◆ Task prompt: Pictures should be left out when the listing below is repeated word for word.

◆ Source material:
- Opening Delimiter -

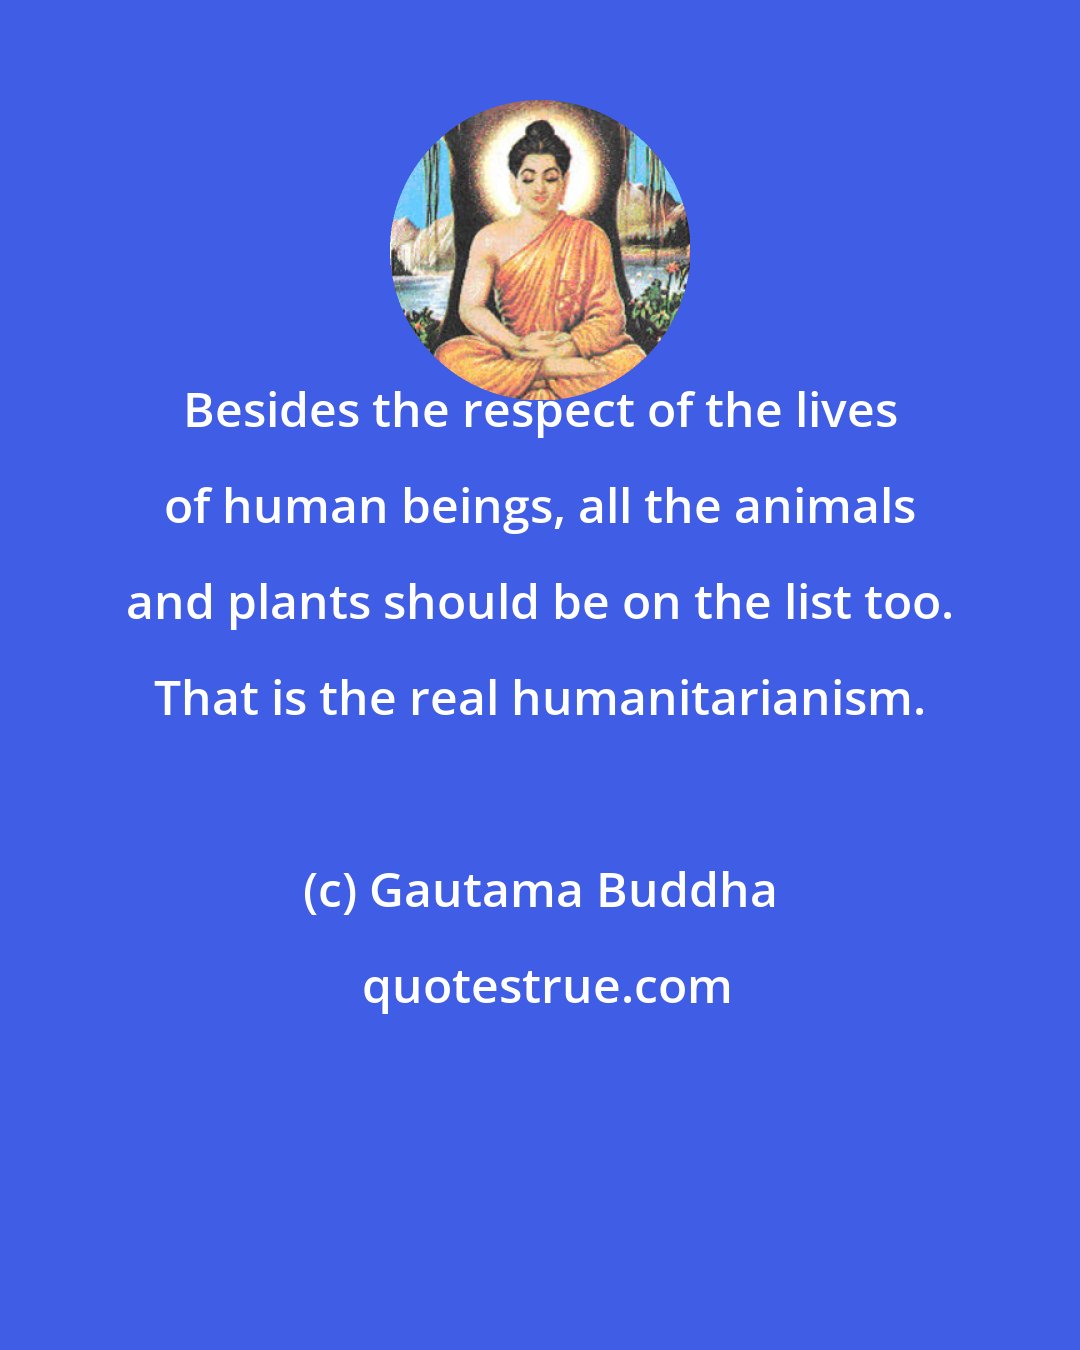 Gautama Buddha: Besides the respect of the lives of human beings, all the animals and plants should be on the list too. That is the real humanitarianism.
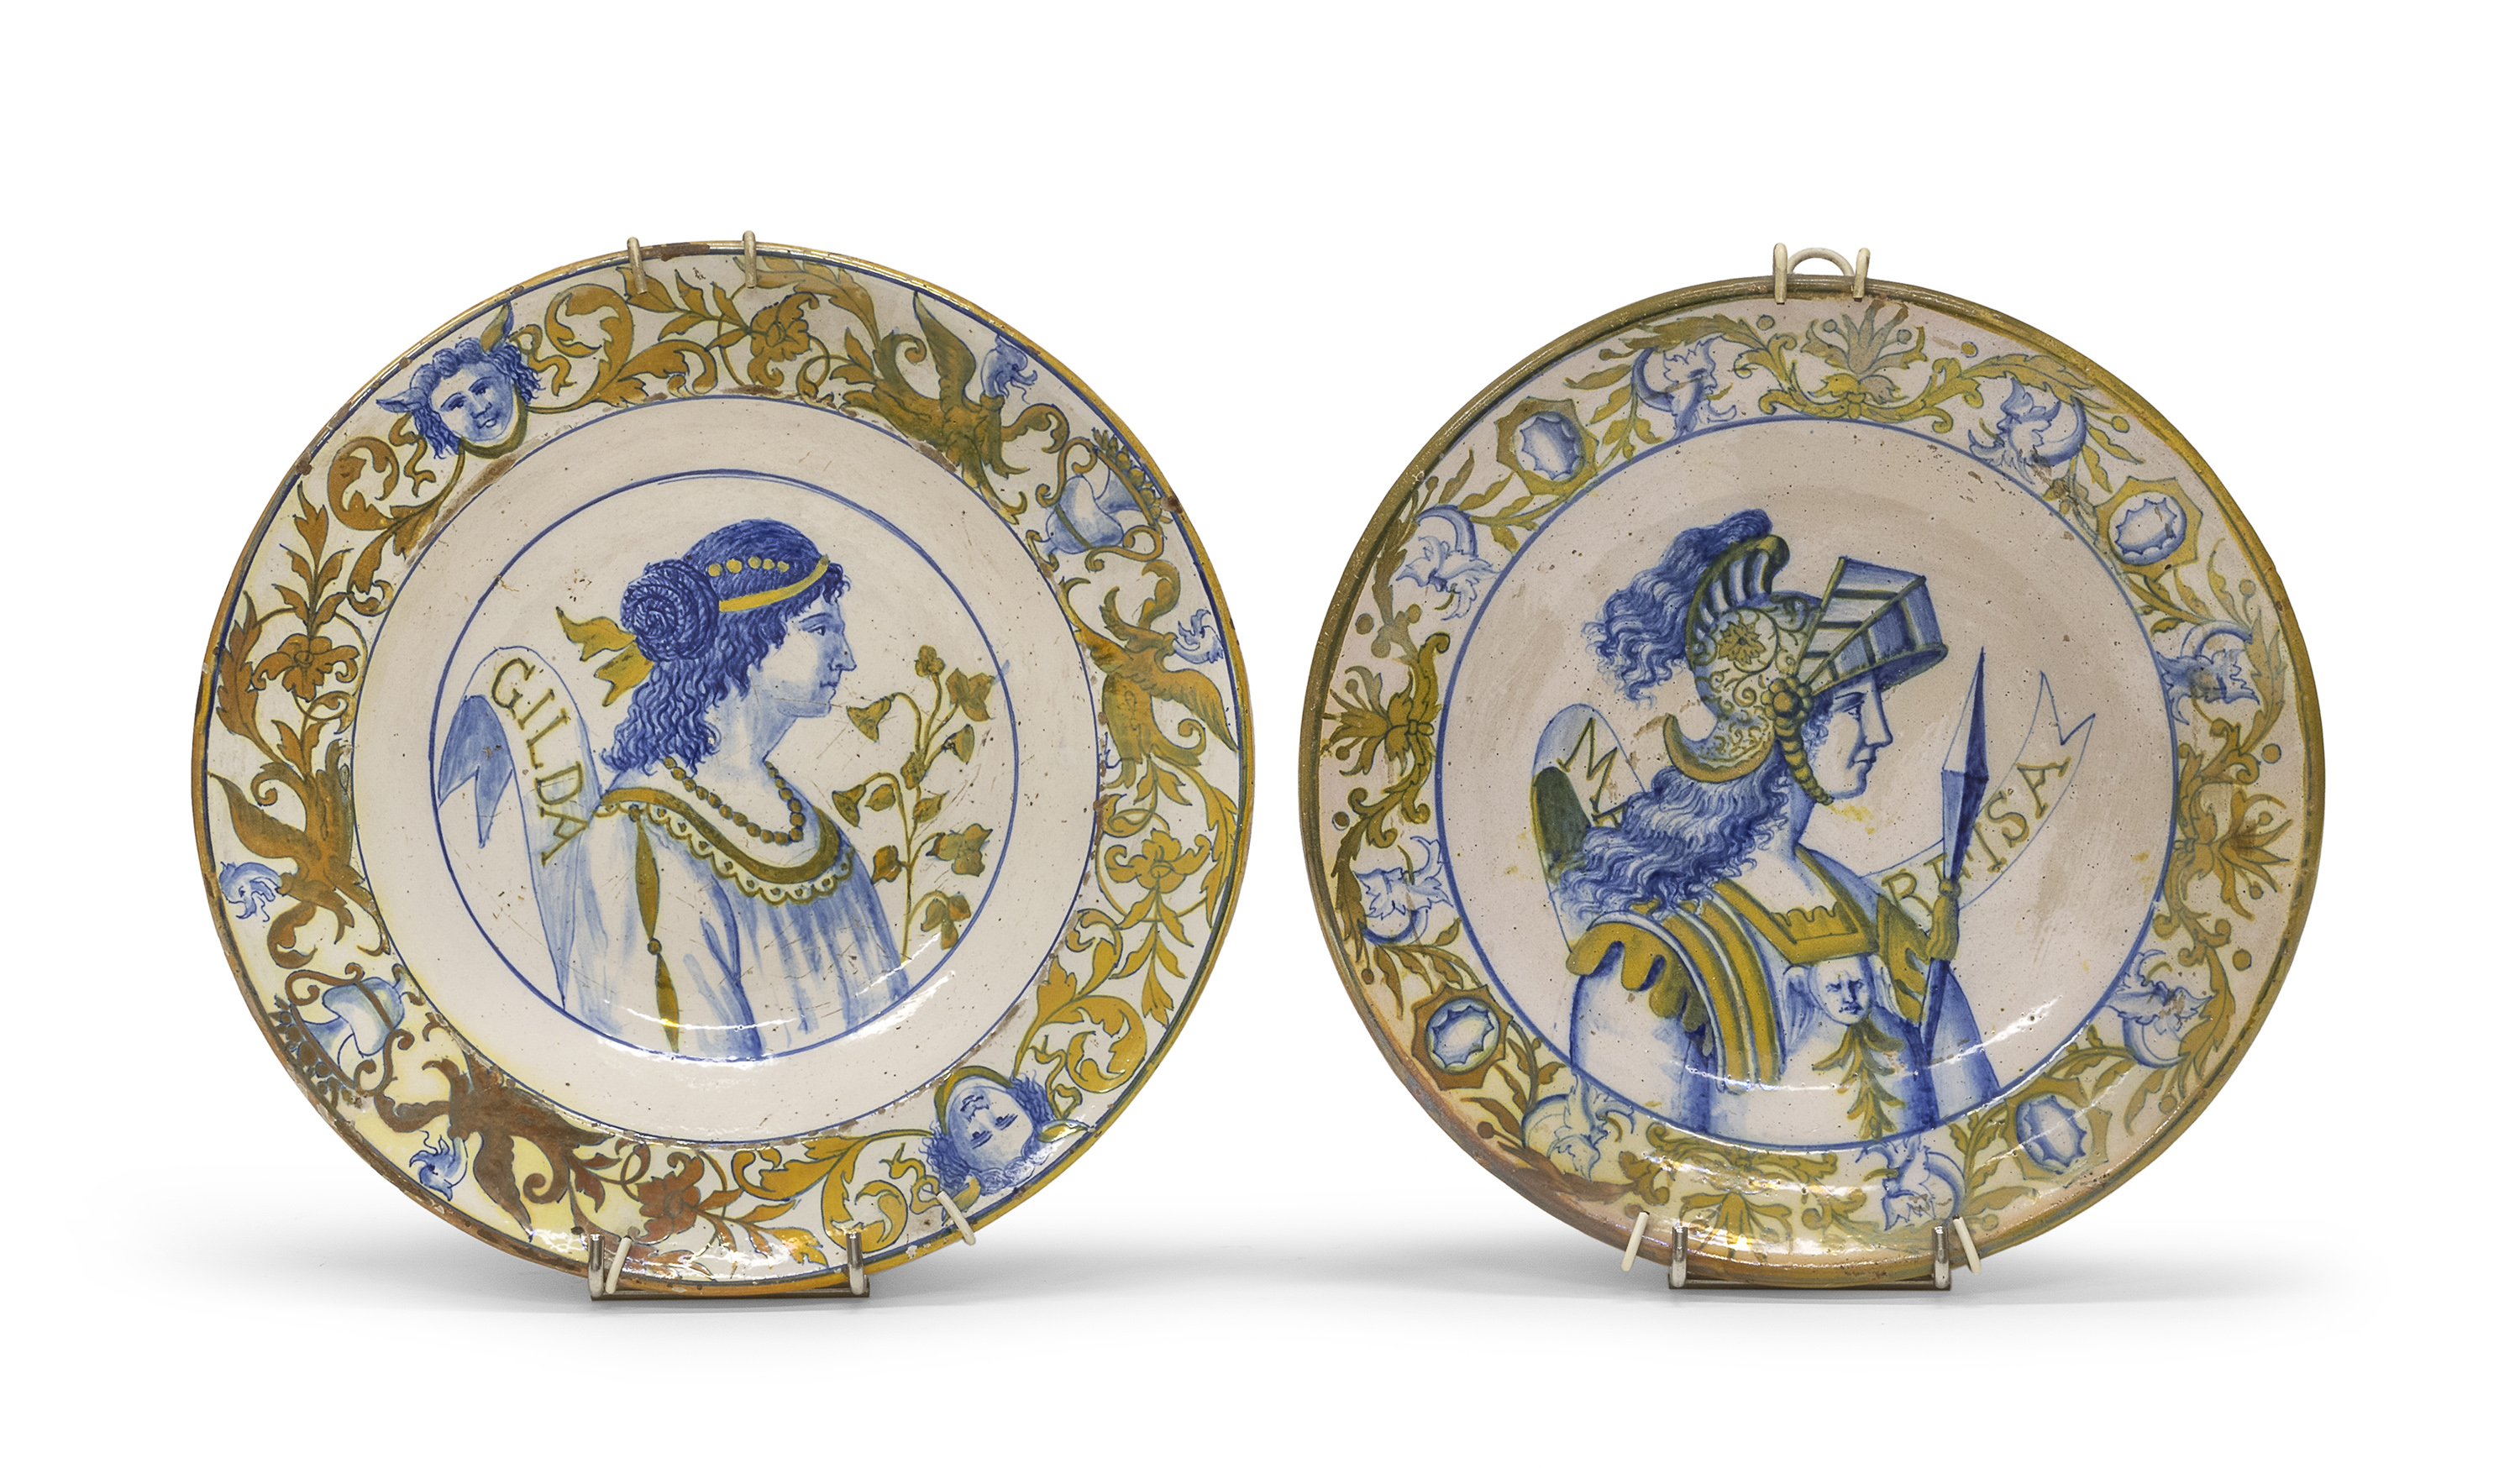 TWO LUSTER CERAMIC PLATES END OF THE 19TH CENTURY
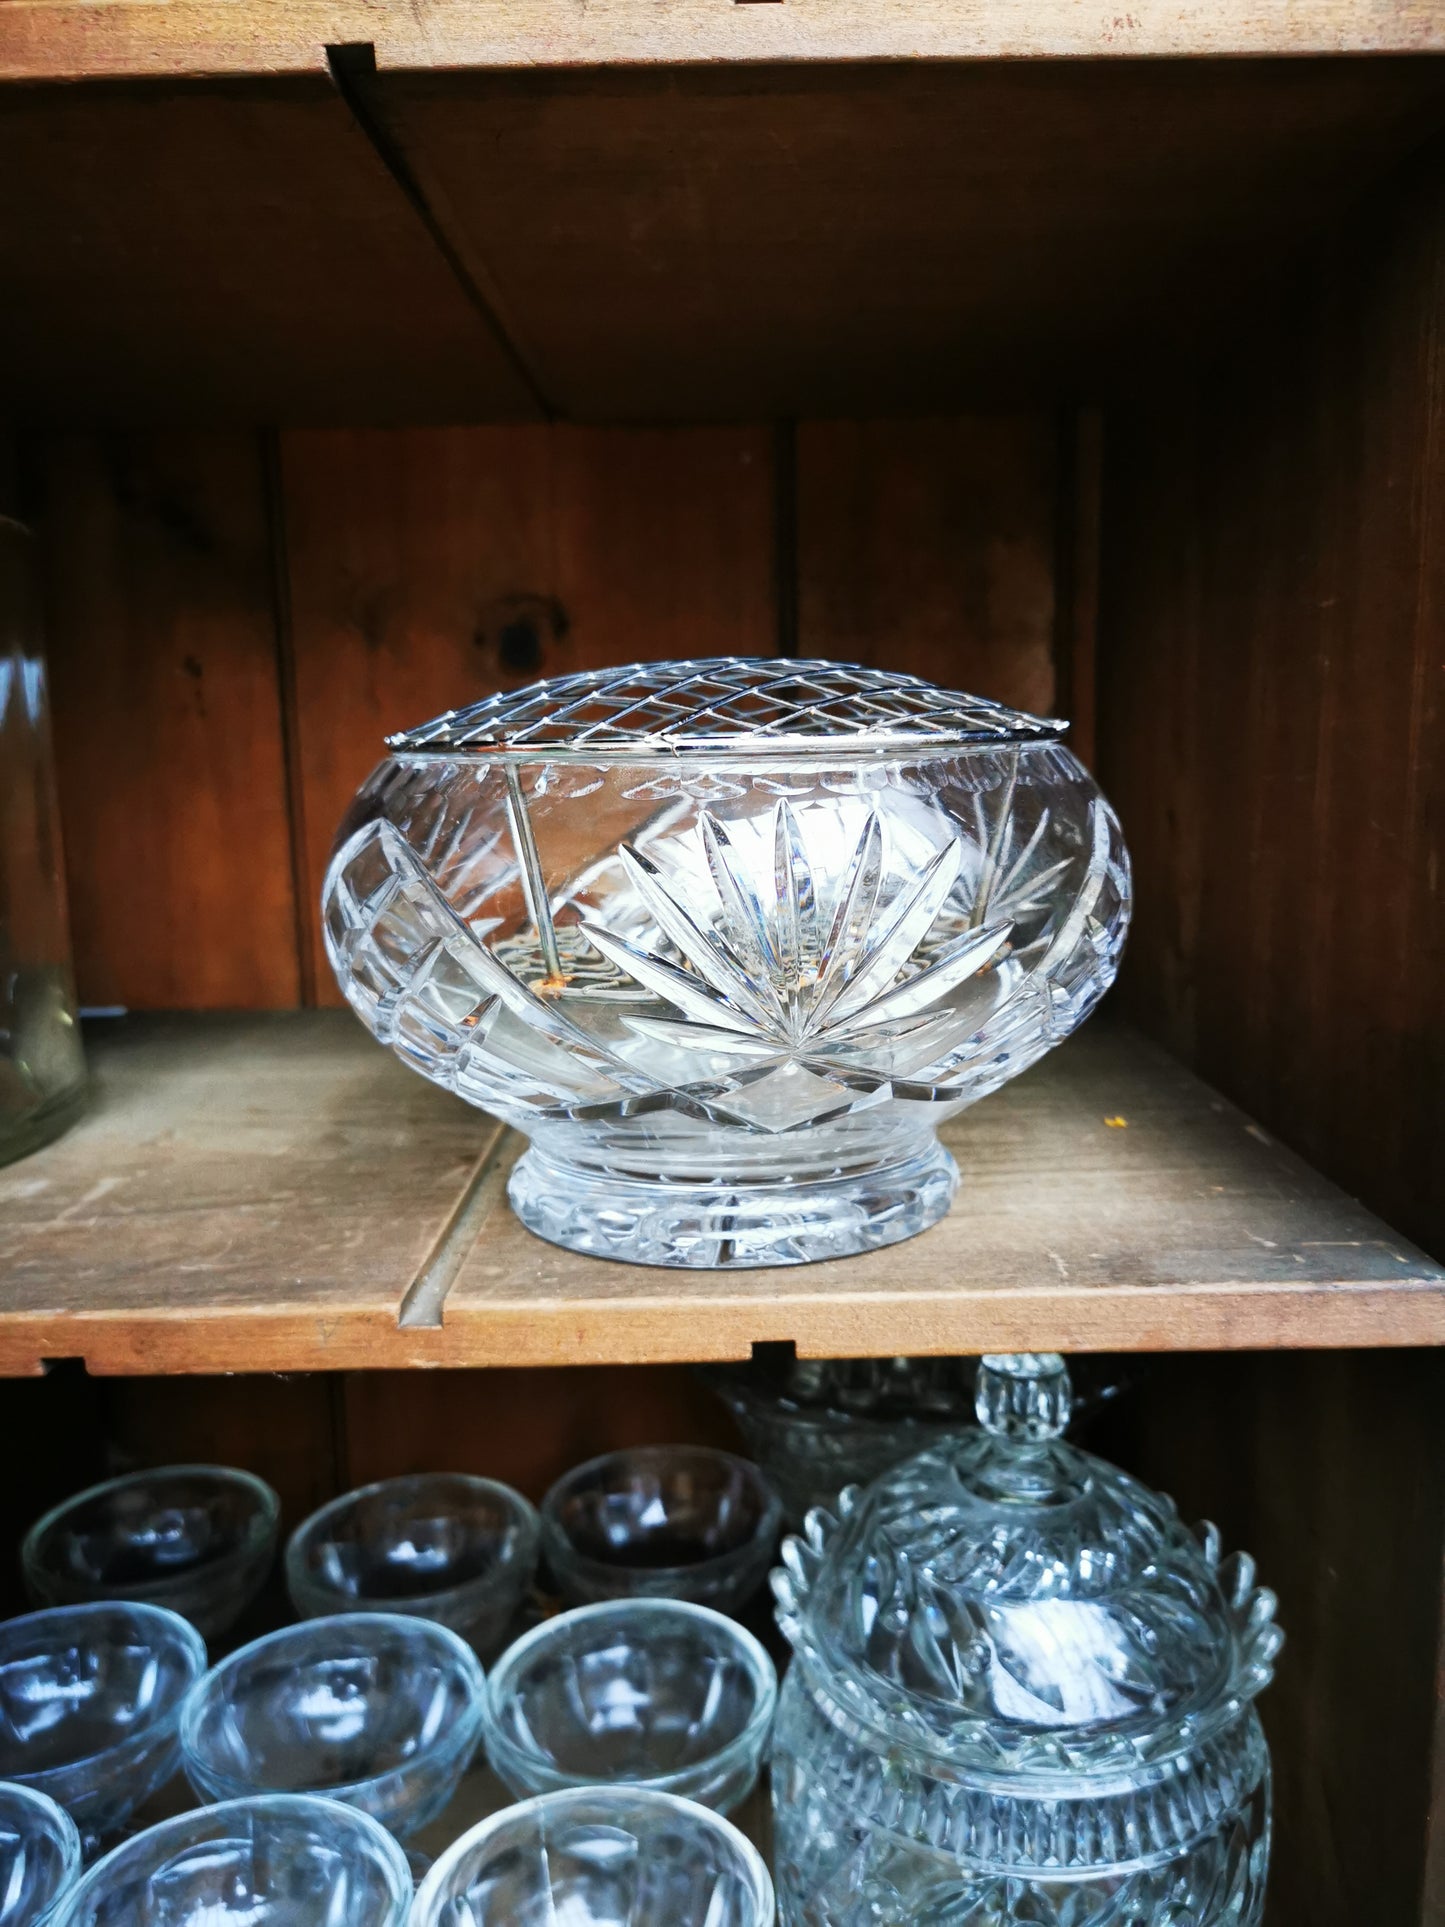 Large Lead Crystal Glass Rose Bowl 6.75-inch diameter

- Closing Delimiter -

◆ Answer for the task:
 Gautama Buddha: Besides the respect of the lives of human beings, all the animals and plants should be on the list too. That is the real humanitarianism.
 TWO LUSTER CERAMIC PLATES END OF THE 19TH CENTURY
 Large Lead Crystal Glass Rose Bowl 6.75-inch diameter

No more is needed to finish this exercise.